Jesus gave Peter the Aramaic name Cephas, which means “a rock.” In Greek, it is Petros, so he is known as Simon Peter. Before Jesus gave him this name, Peter was known as Simon son of John of the village of Bethsaida in Galilee. Simon Peter was a very poor, uneducated fisherman.

Peter made an early confession that Jesus was the Christ, the son of the living God (Matt. 16:16–19). This confession was the result of the Father’s revelation to him concerning the person of Jesus Christ. Yet immediately after he made it, he failed to function as a rock when he became the spokesman for the devil. He counseled Jesus not to accomplish redemption for us through his substitutionary death on the cross in behalf of elect sinners, which included Peter (Matt. 16:21–23). Peter also failed to function as a rock when he denied Jesus three times because he feared his own death (Matt. 26:69–75).

Contrary to what some say, Peter is not the foundation of Christ’s church; Jesus Christ is. Isaiah foretold this truth: “This is what the Sovereign LORD says: ‘See, I lay a stone in Zion, a tested stone, a precious cornerstone for a sure foundation; the one who trusts will never be dismayed’” (Isa. 28:16).

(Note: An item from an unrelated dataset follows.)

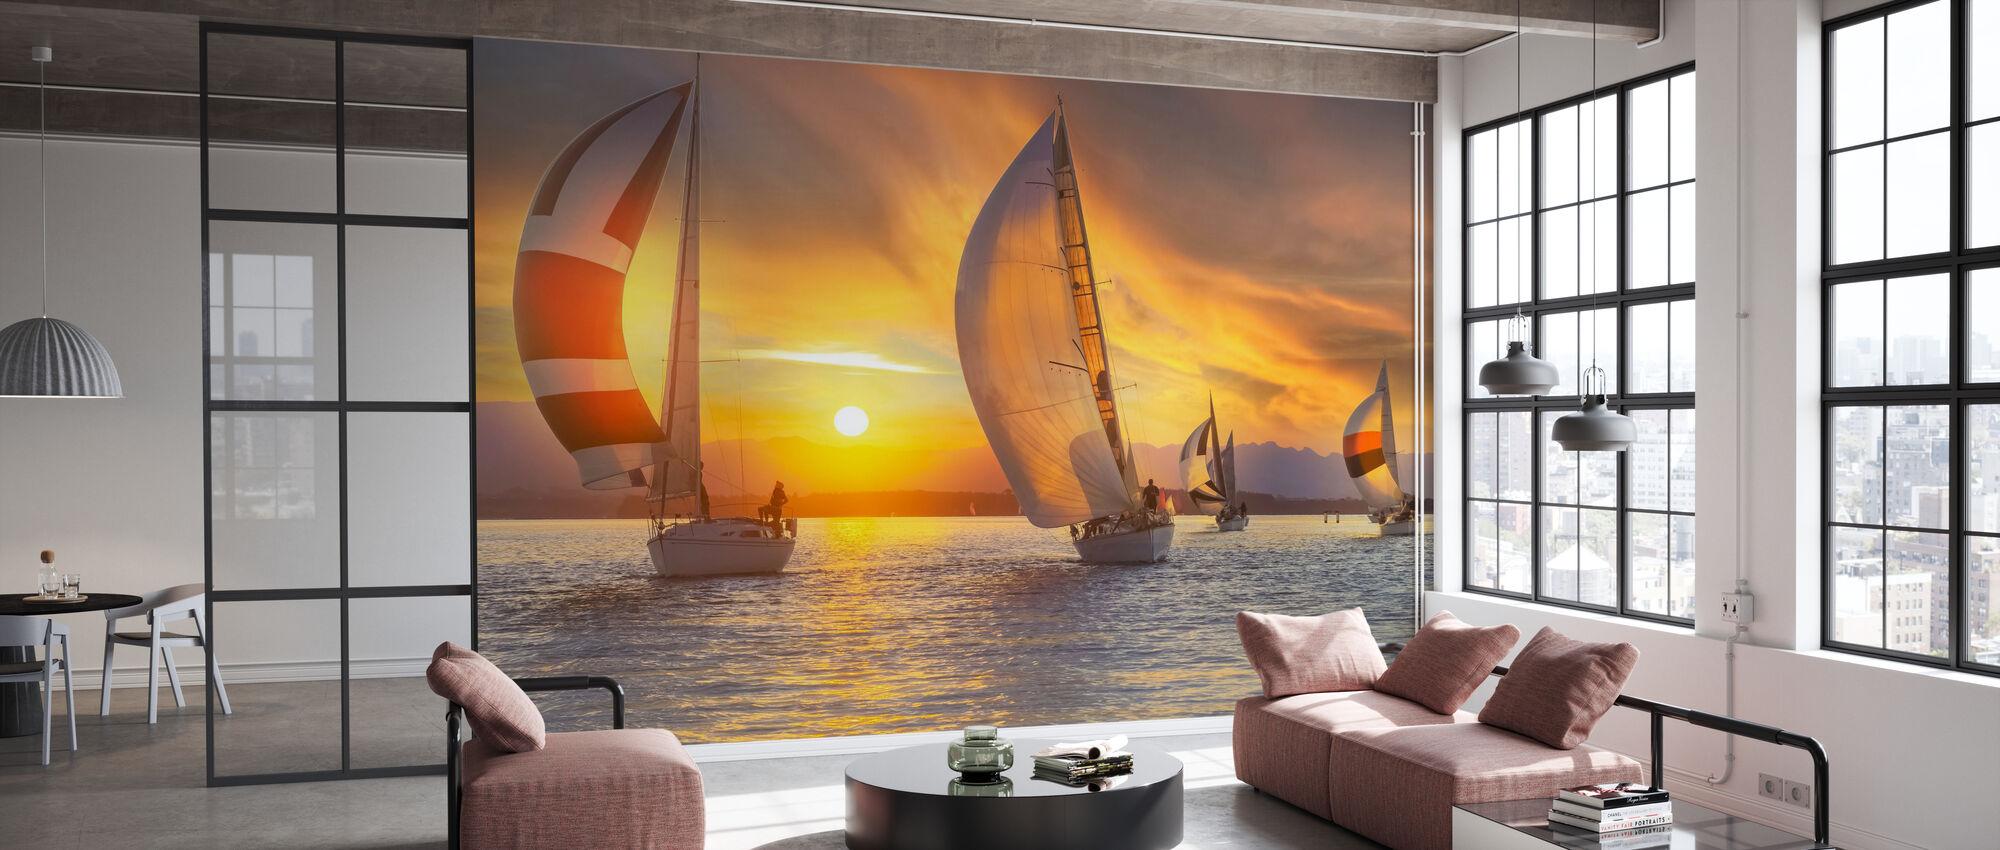 Sail Under the Sunset - Wallpaper - Office
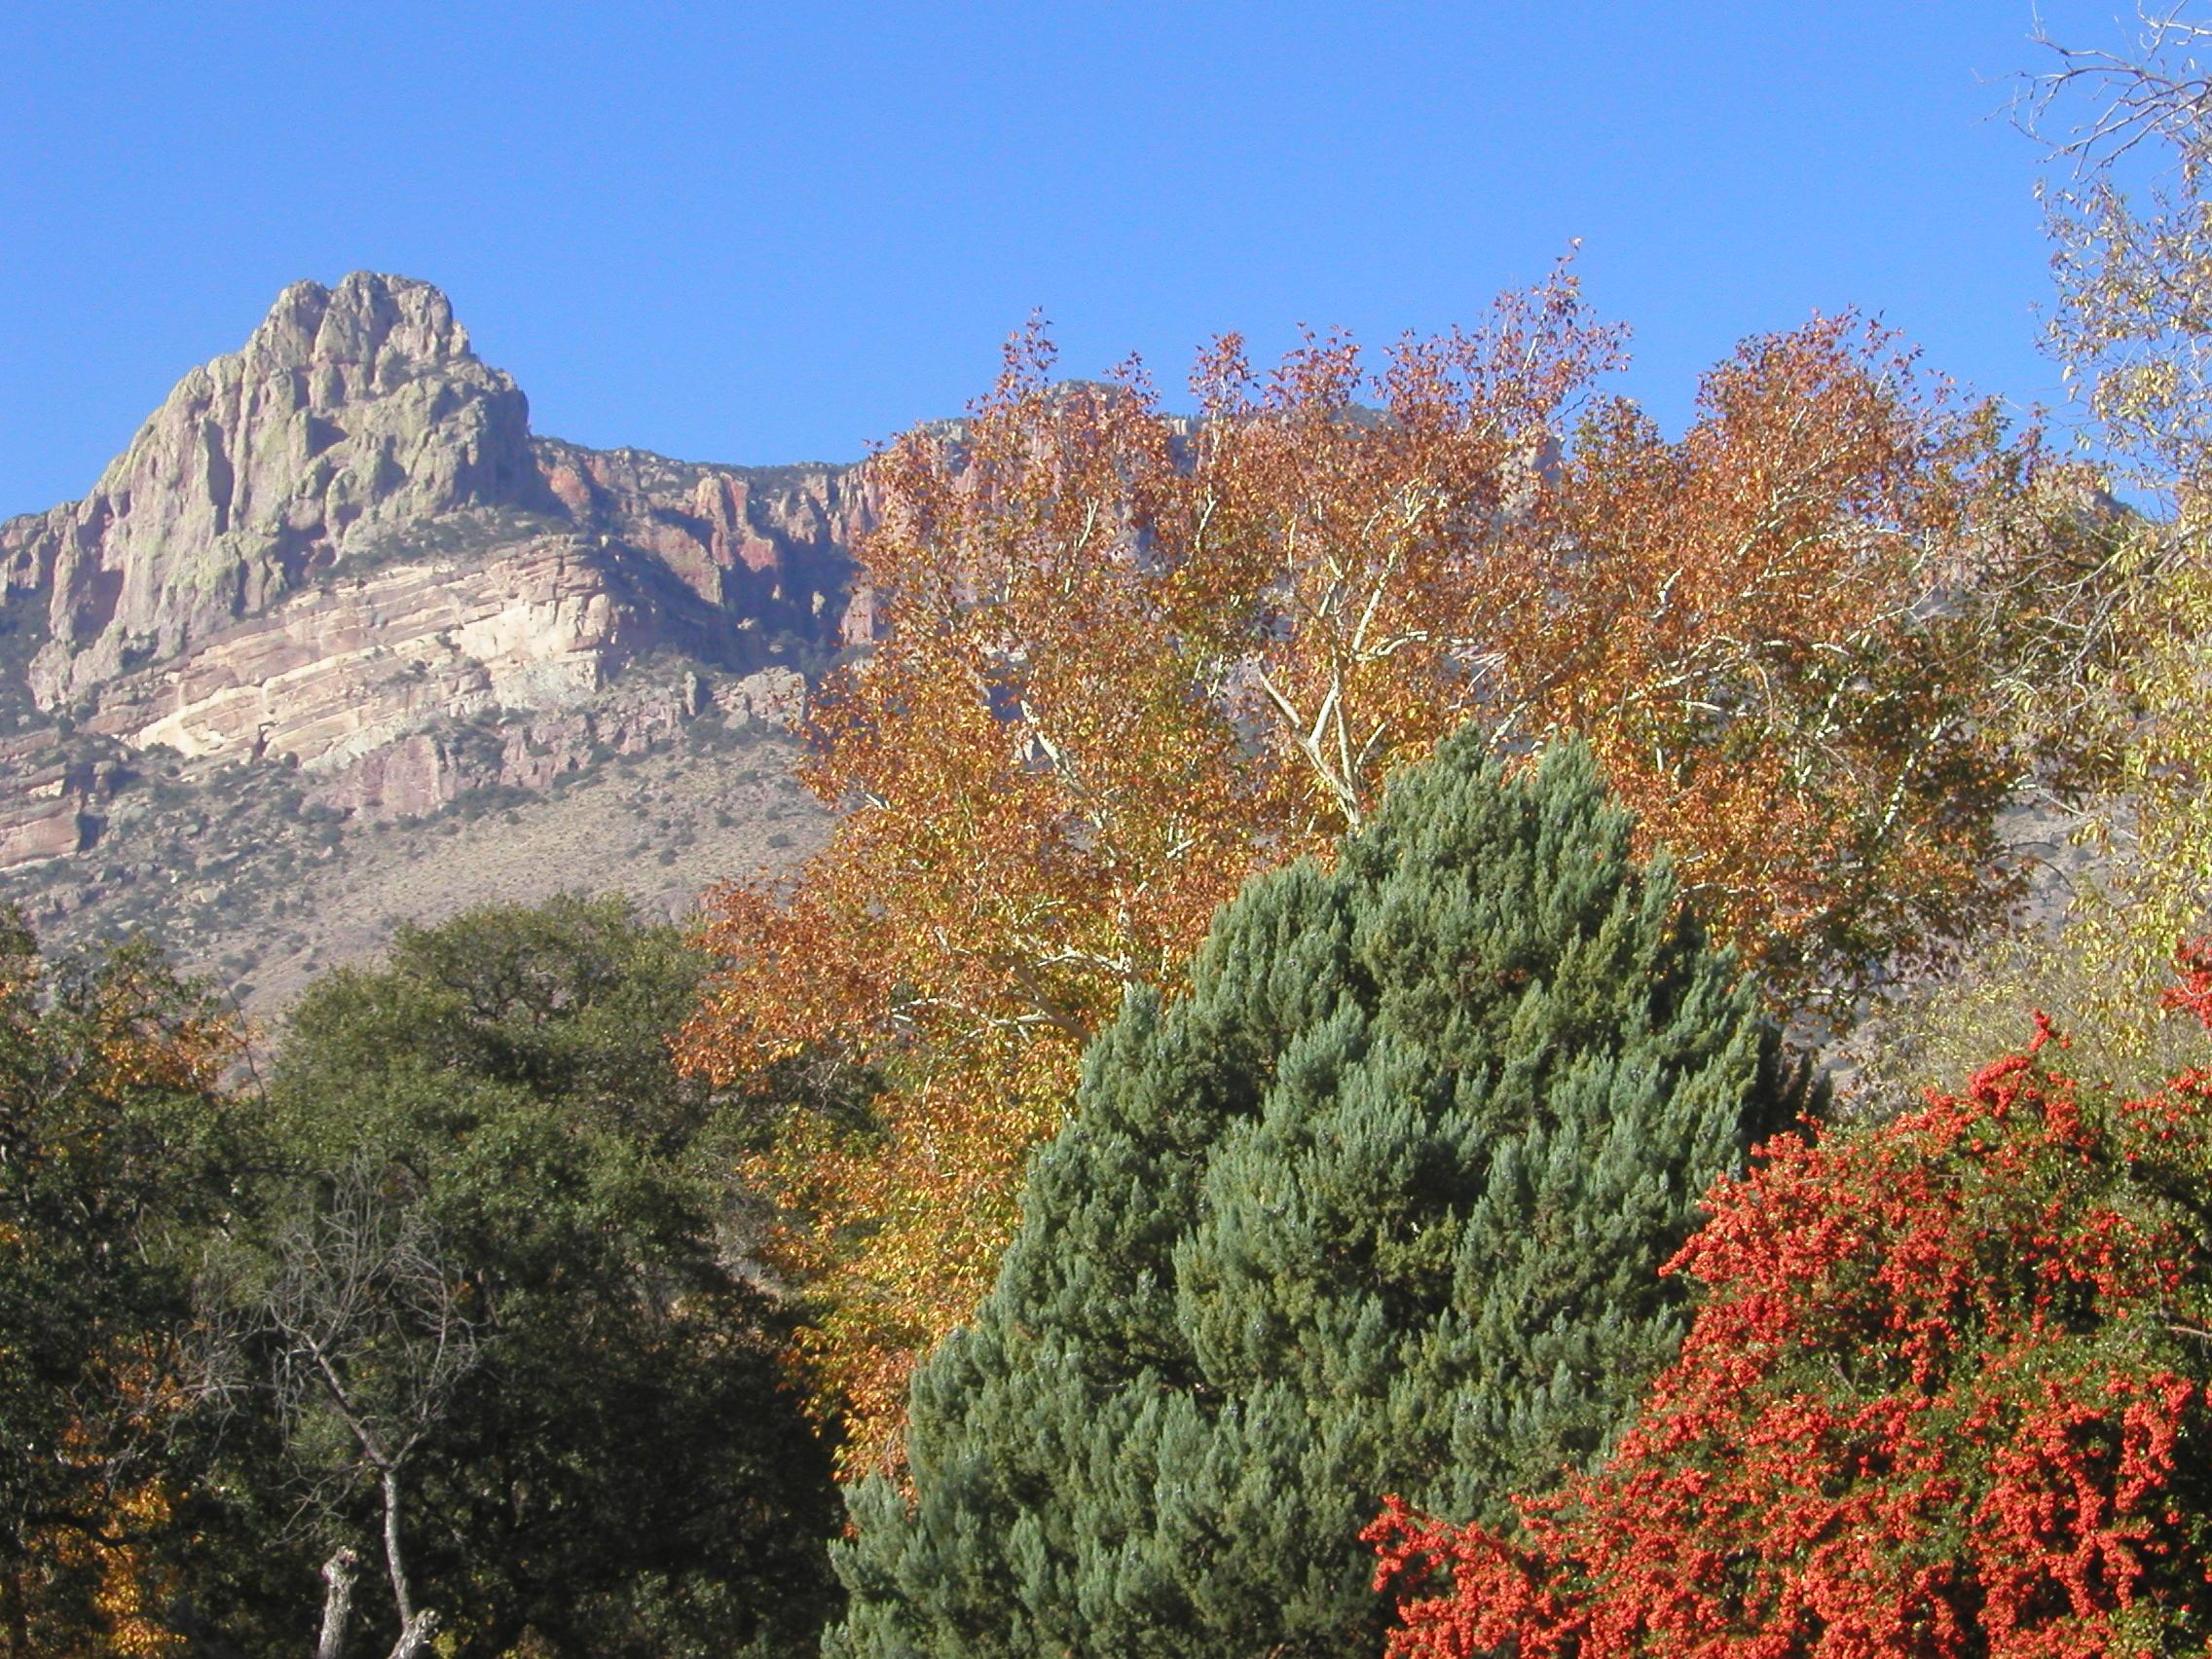 Fall Chircahua Mountains, Cave Creek Canyon

Paul says the same thing in 1 Corinthians 3:11: “No one can lay any foundation other than the one already laid, which is Jesus Christ.” Christ is the foundation of his church. And Peter’s true confession, “Thou art the Christ, the Son of the living God,” is also the foundation of the church. The Bible says the church is built upon the foundation of the apostolic doctrine (Eph. 2:10; Acts 2:42). Neither Peter nor the pope is the foundation of Christ’s church.

After his resurrection, the risen Jesus restored Peter as apostle and pastor to feed the flock of God with the word of God (John 21:15–19). After his baptism in the Holy Spirit, Peter boldly preached the gospel, and God saved three thousand people that day. Peter told the crowd, “You disowned the Holy and Righteous One and asked that a murderer be released to you. You killed the author of life, but God raised him from the dead. We are witnesses of this” (Acts 3:14–18). Like Peter, we are to bear witness to Jesus Christ. We must be filled with the Spirit so that we also may boldly and fearlessly tell people about Christ, the Savior of the world.

Peter was jailed twice, only to be set free by an angel of the Lord both times (Acts 5 and Acts 12). In Acts 12, we read about how King Herod Agrippa I purposed to kill Peter by the sword. As a politician, he wanted to please his Jewish constituency. Peter knew he would be killed in the morning, yet he fell asleep in prison, between two soldiers, bound with two chains. And the angel delivered him, as he had the first time.

God gave Peter abounding grace and peace to live a life of obedience to his Lord. And eventually, as Christ himself had predicted, Peter was crucified because of his love for Jesus. By God’s grace, Peter proved to be a rock for his Savior.

Peter was an apostle of Jesus Christ, yet he also calls himself a fellow elder (1 Pet. 5:1). In the introduction to his second epistle, he calls himself a slave of Jesus Christ (2 Pet. 1:1). If we are Christians, we are bondslaves of Jesus Christ. He is our Lord, and we are to hear and obey him.

Peter was clothed with humility, and he counseled all believers to do the same, saying, “All of you, clothe yourselves with humility toward one another, because, ‘God opposes the proud but gives grace to the humble’” (1 Pet. 5:5b).

Let us then pay attention to this first epistle of Peter because it gives us infallible apostolic direction regarding how to live a godly life.

 

Salvation Is of the Triune God

 

THE SALVATION OF THE FATHER

In these first verses Peter tells us that salvation is of the triune God. First, he says that God the Father foreknew us: “who have been chosen according to the foreknowledge of God the Father” (v. 2). “Foreknew us” is a technical term we need to understand. It means that God “foreloved us.”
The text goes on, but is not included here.